The time of a complete rotation of Earth relative to a point on the sky is called a sidereal day; this is measured relative to the first point of Aries (the vernal equinox),[ 2] which is a point on the sky that slowly moves as the Earth's rotation axis precesses. The mean value of the sidereal day is shorter than the Julian day by 3 minutes 55.9 seconds. The tropical year, which is the year that the Gregorian calendar is based on, is measured relative to the first point of Aries. The sidereal year is measured relative to a fixed point in space; quasars are used as the reference points.

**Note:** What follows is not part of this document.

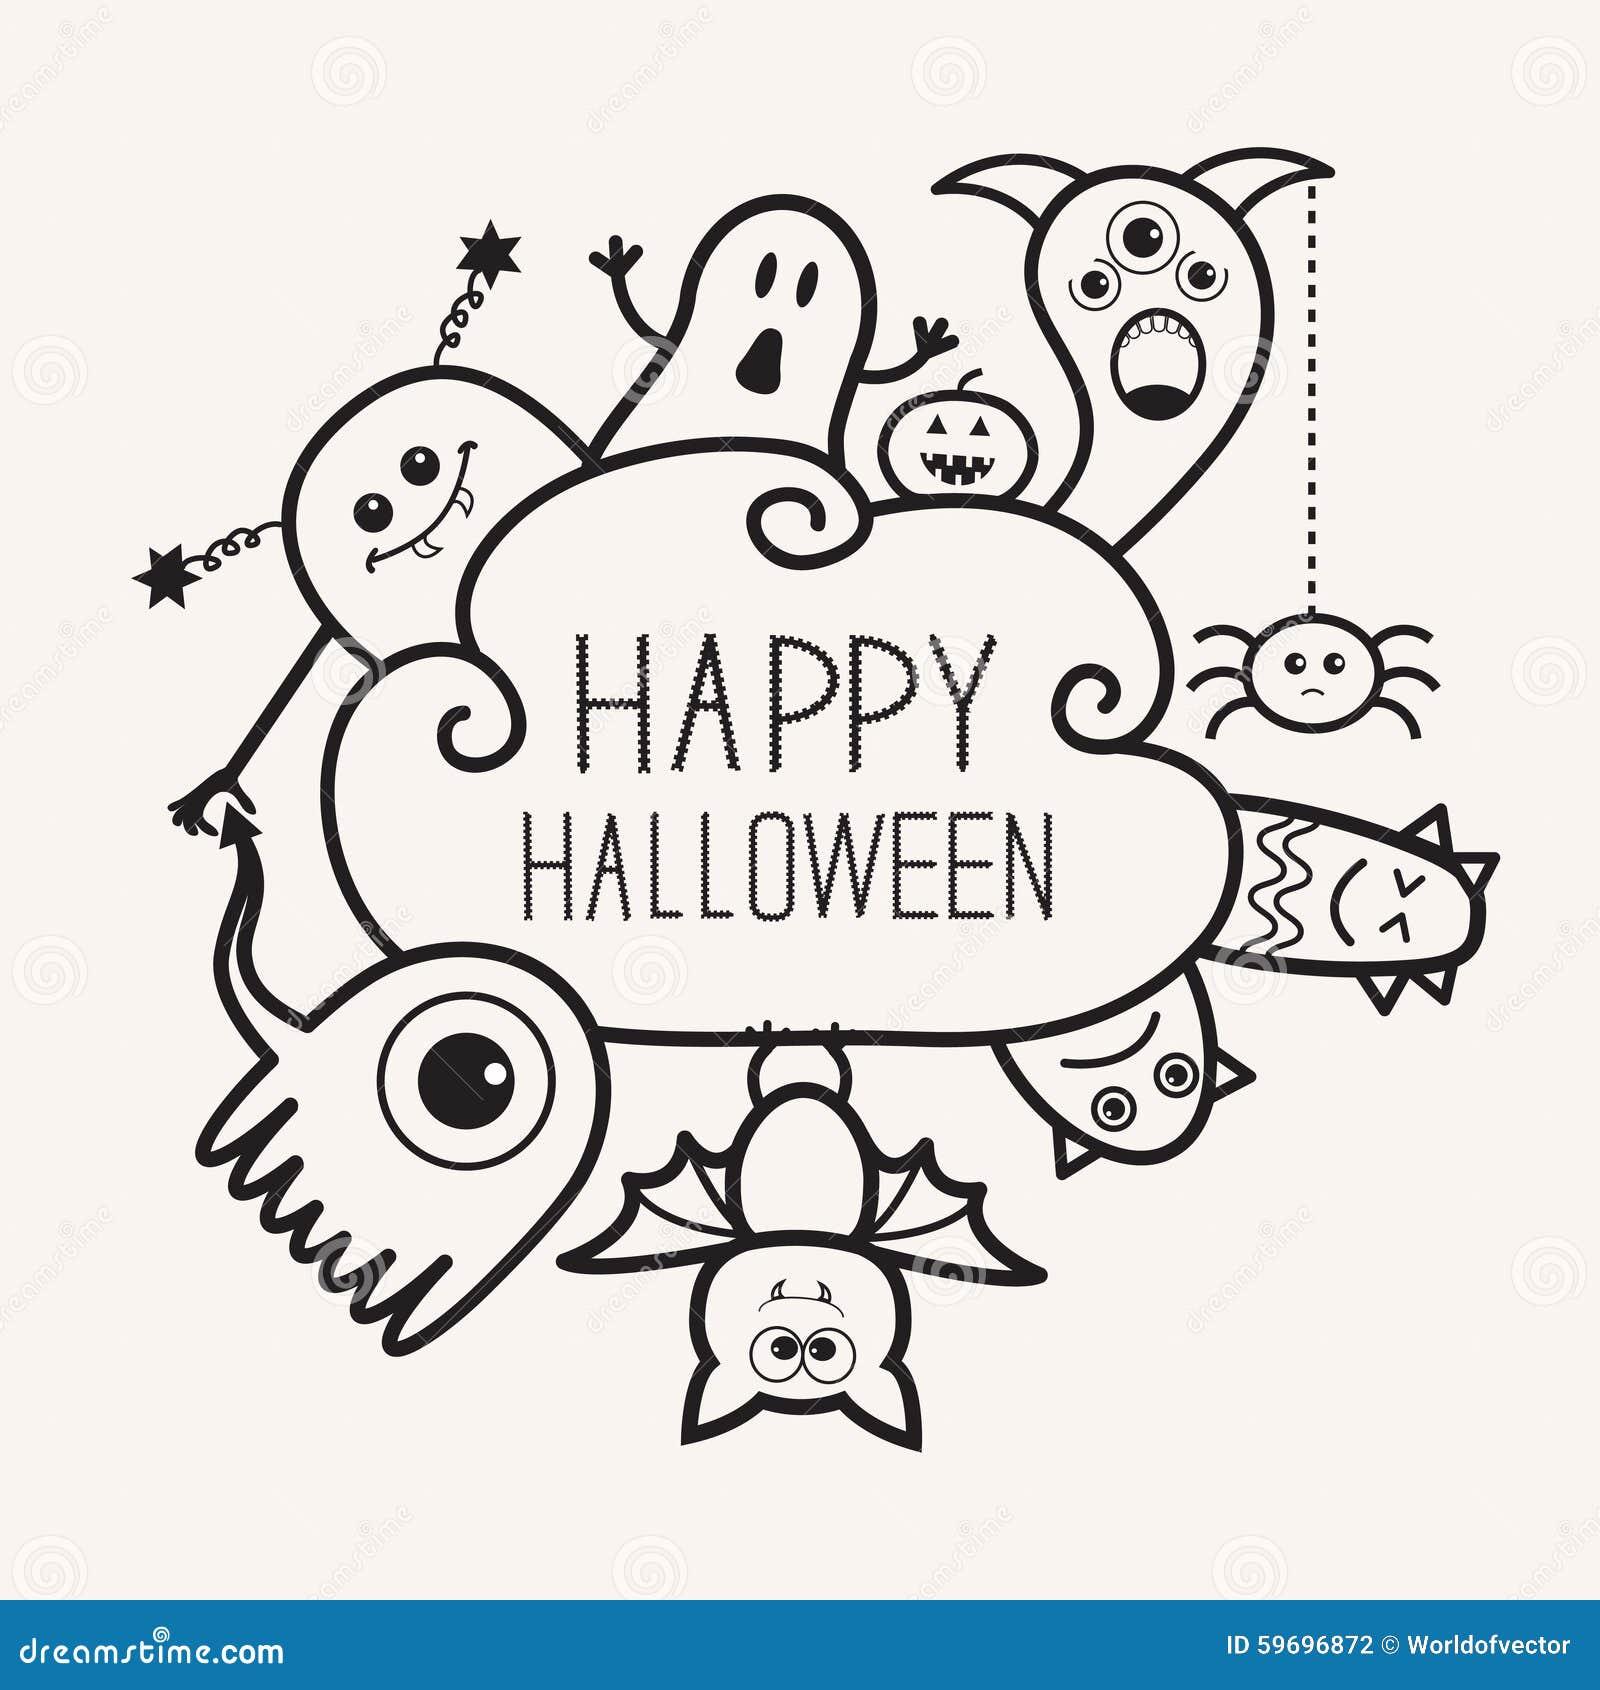 Asombroso Feliz Halloween Calabaza Para Colorear Friso - Dibujos ...

Positions on the sky are measured in terms of right ascension (RA or α) and declination (dec. or δ). These correspond to longitude and latitude on Earth. The declination is measured in degrees relative to the celestial equator, which is the projection of Earth's equator onto the sky. The declination of the equator is 0°, the declination of the north pole is 90°, and the declination of the south pole is −90°. The right ascension is defined in units of time, with 0 hour at the first point of Aries, and the value of the right ascension at the zenith increasing as time passes. A full circle of the equator corresponds to 24 hours. Right ascension was defined to make finding objects with a telescope easier: the right ascension at the zenith changes by one hour in one hour of sidereal time.
Because the precession of Earth's rotation axis causes the first point of Aries to moves along the equator over time, the right ascension and declination of the stars change with time. To counteract this, astronomers traditionally express the positions of stars for the coordinate system of a particular date. Currently current standard is Epoch 2000, or the coordinate system for January 1, 2000. Epoch 1950 was used previously.